Biden: 'I have no regrets' about how documents were handled
"I think you’re going to find there's nothing there. ... I’m following what the lawyers have told me they want me to do," the president told reporters in California.
President Joe Biden said on Thursday that he had no regrets regarding his handling of documents, following the discovery of Obama-era classified materials in multiple private locations associated with Biden.
“I think you’re going to find there’s nothing there. I have no regrets,” Biden said, speaking in Aptos, Calif. “I’m following what the lawyers have told me they want me to do.”
Biden’s administration has been criticized for a perceived lack of transparency since the documents were discovered in the president’s home in Wilmington, Del., and at a think tank associated with him. His lawyers have turned over the documents to the National Archives and the Justice Department.
Biden also addressed the news media’s ongoing interest in the documents, as he answered a reporter’s question following a survey of a community affected by recent extreme weather in California.

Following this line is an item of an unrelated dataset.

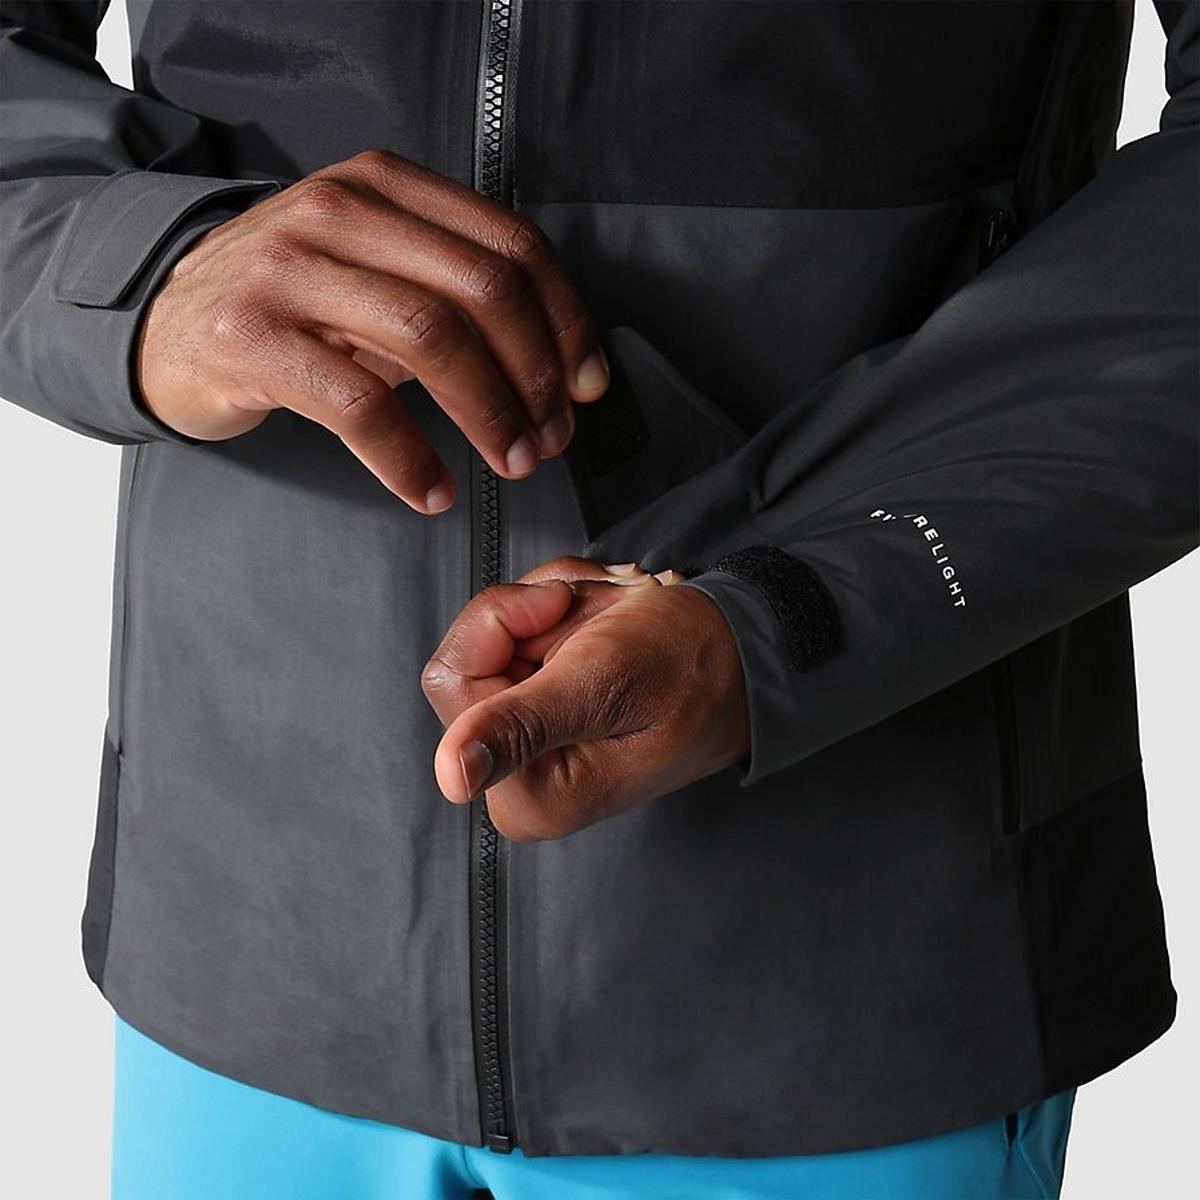 The North Face Men's Jazzi Futurelight Jacket - Asphalt Grey/Black

“Quite frankly, what bugs me is that we have a serious problem here we’re talking about ... and the American people don’t quite understand why you don’t ask me questions about that,” Biden said, referring to his remarks on the storm and climate.
Attorney General Merrick Garland appointed former U.S. Attorney Robert Hur last week as special counsel to investigate the storage of the documents.
Members of both parties havedecried what they call a double standard on the media reaction and legal handling of the document discovery, as classified documents were also found in an August FBI search of former President Donald Trump’s Florida estate.
The situations have notable differences: Biden has had fewer sensitive documents discovered than his predecessor, and unlike Trump, he appears to have cooperated with authorities in turning them over.